# Problem to solve
The copy you return should hold only the lines from the top of the data below through the line with "Robbe Modellsport Servokabel", each duplicated exactly and with no pictures.

# Dataset content
Start of Block

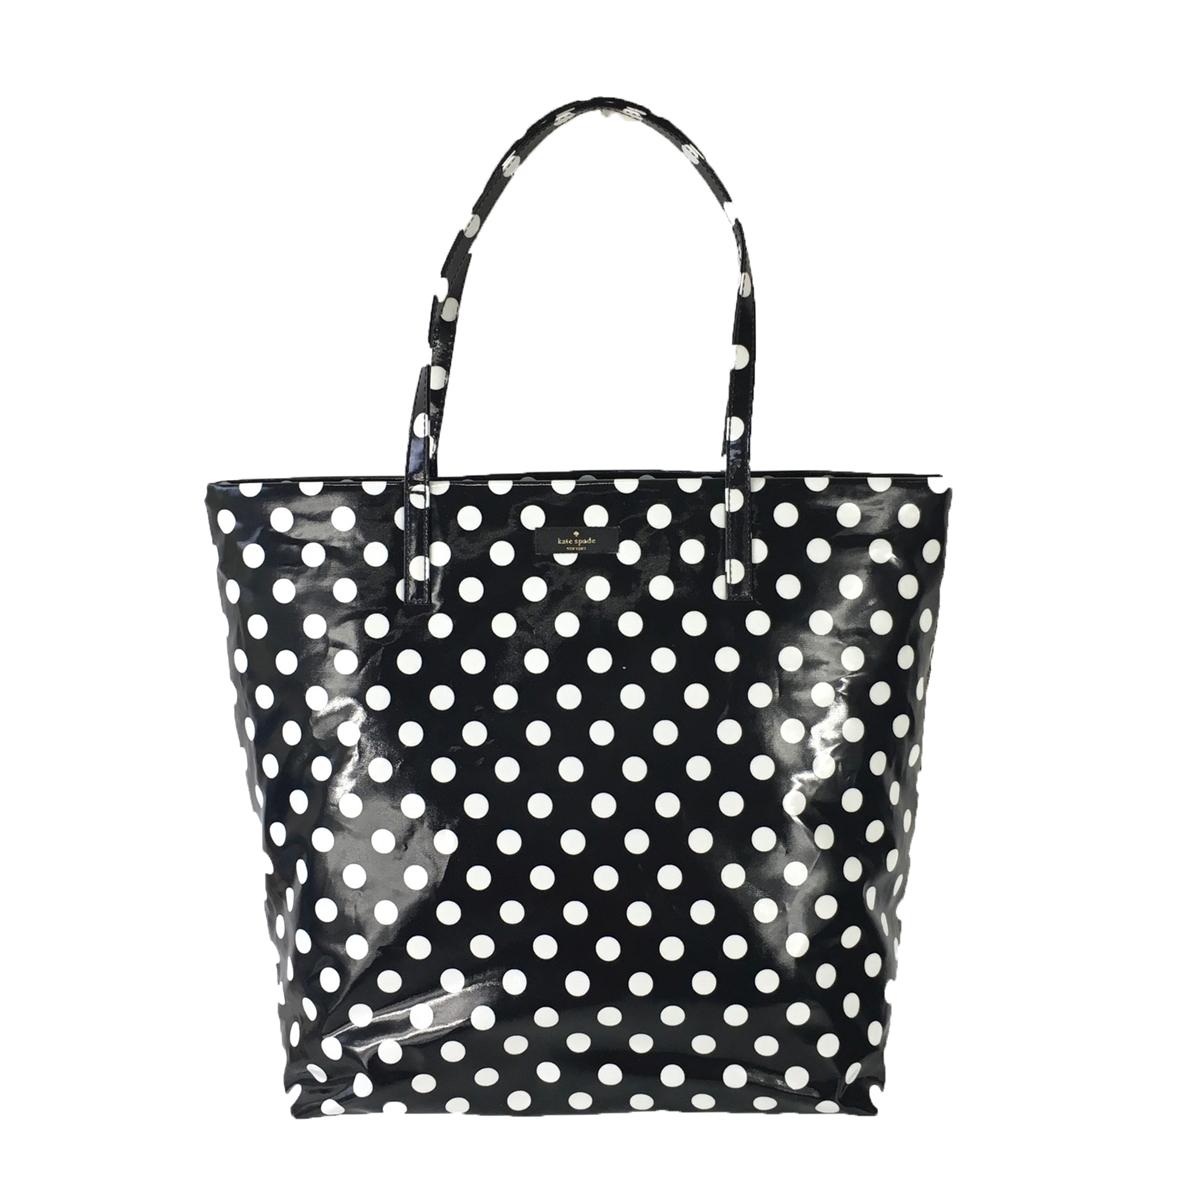 Kate spade polka dot bon shopper tote black cream junglespirit Choice Image
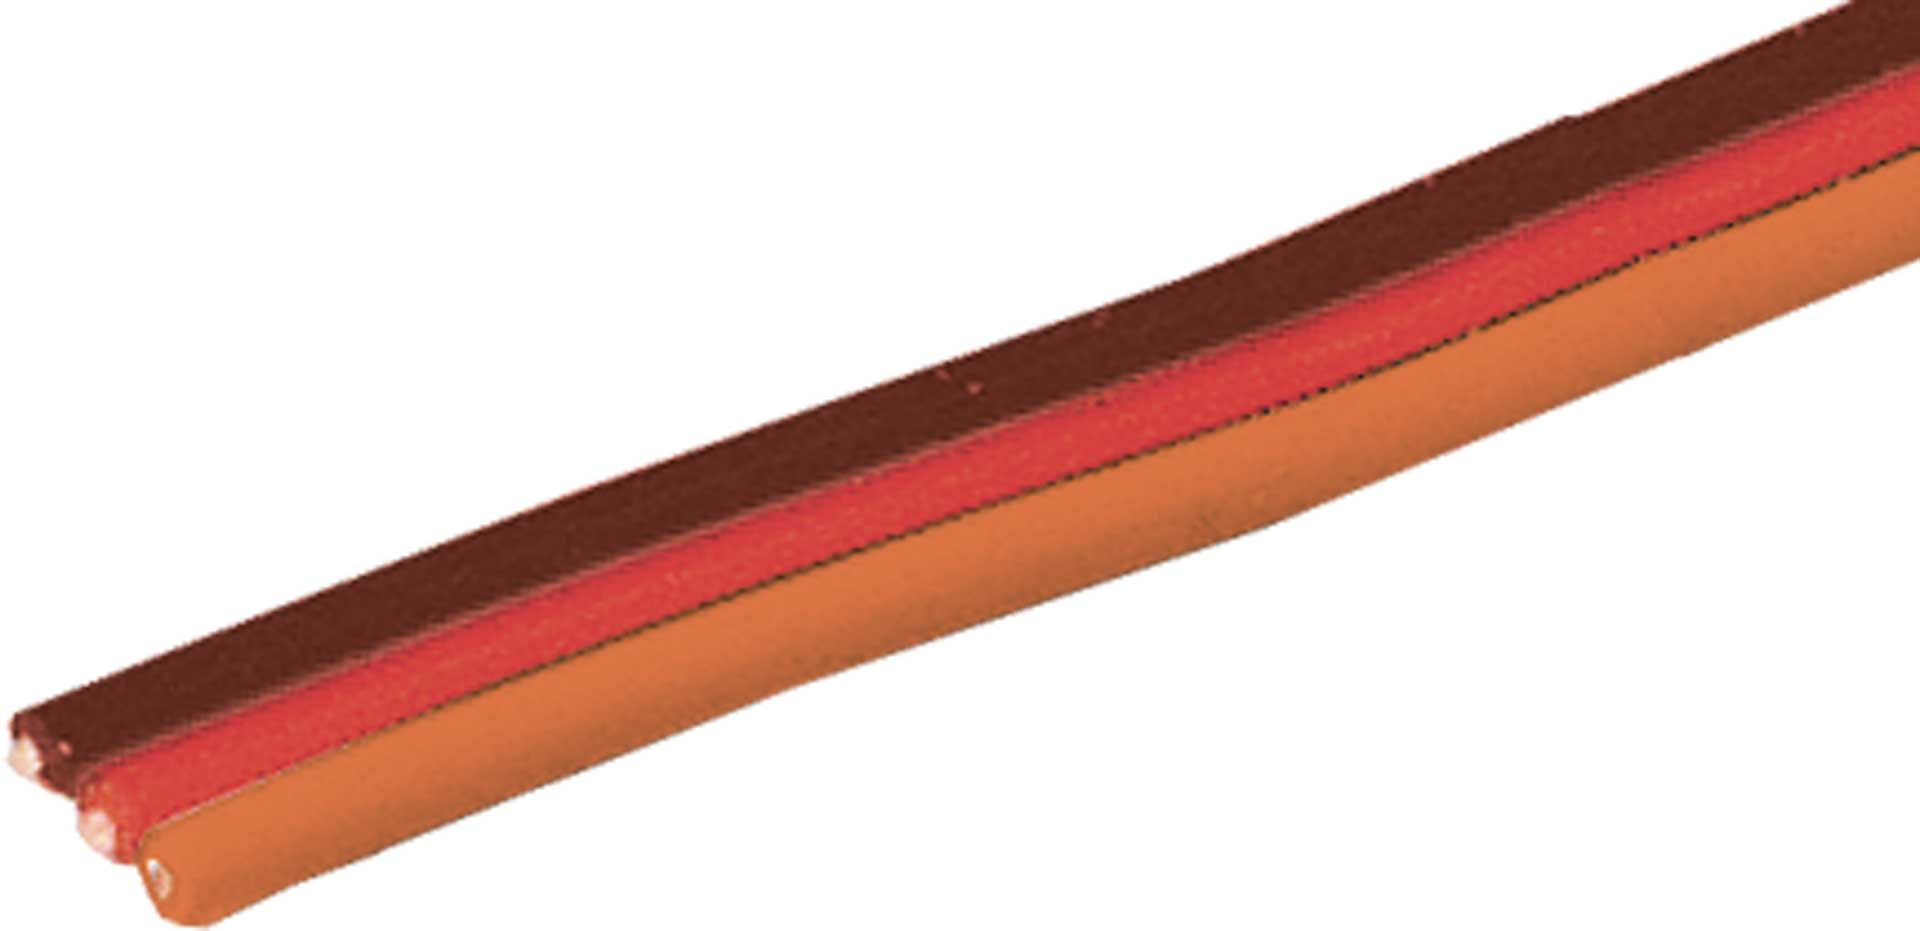 Robbe Modellsport Servokabel Graupner/JR/Uni 50 Meter flach 0,5mm² (20AWG) PVC Meterware
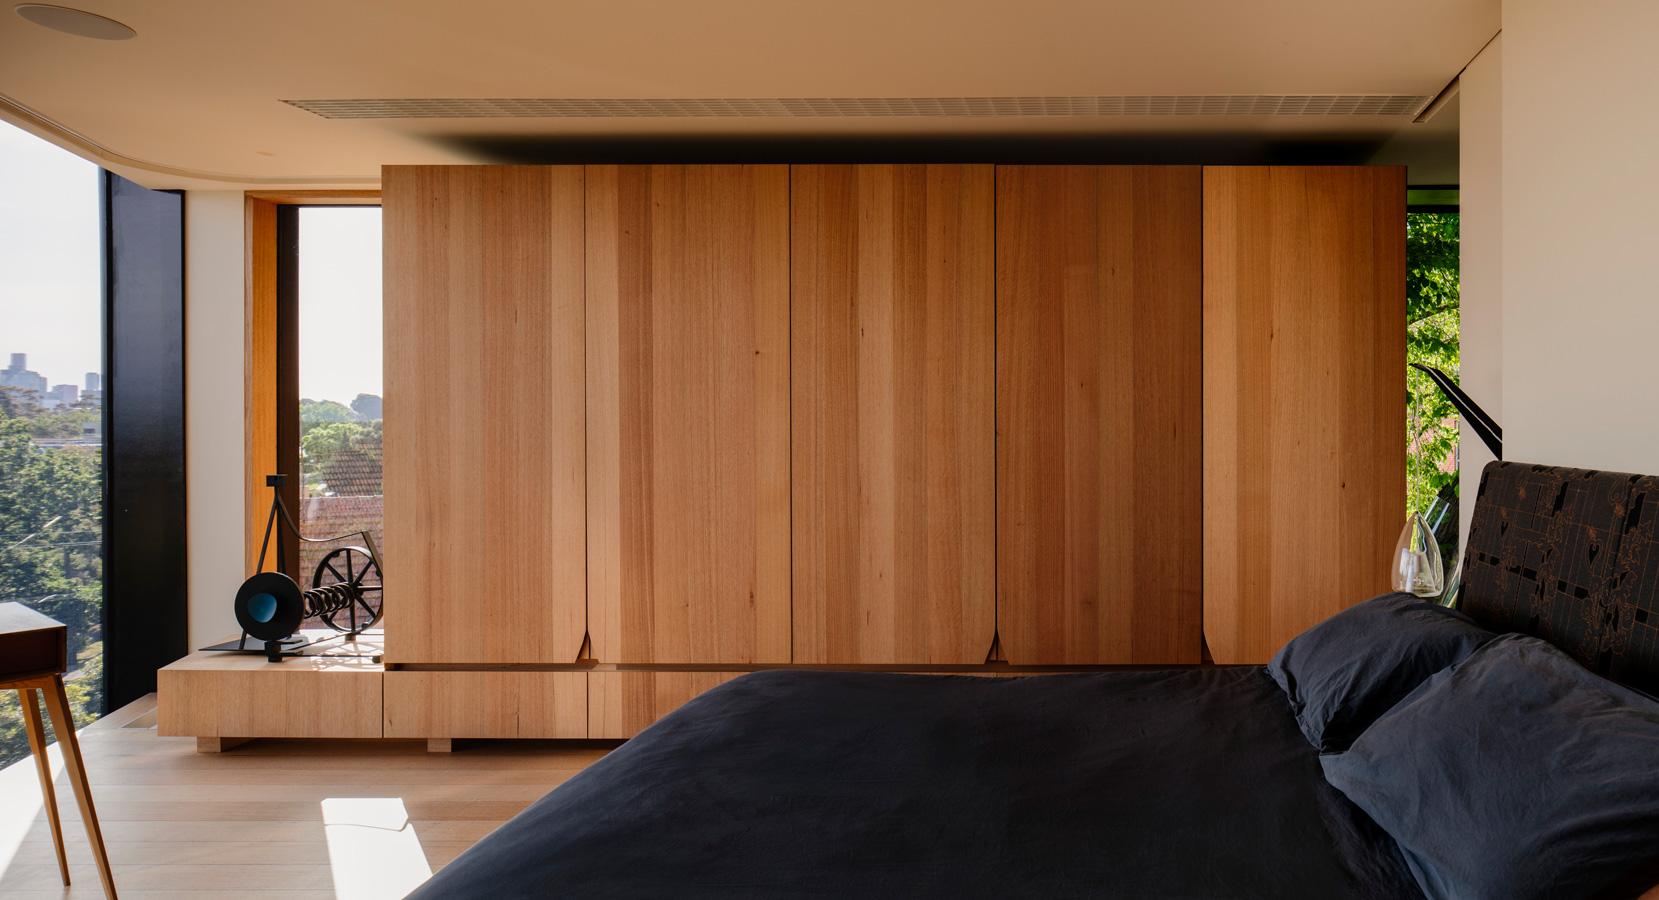 Kew Residence, John Wardle, Overend Constructions, master bedroom, custom timber wardrobe, architectural, design, joinery

End of Block

# Response
 Kate spade polka dot bon shopper tote black cream junglespirit Choice Image
 Robbe Modellsport Servokabel Graupner/JR/Uni 50 Meter flach 0,5mm² (20AWG) PVC Meterware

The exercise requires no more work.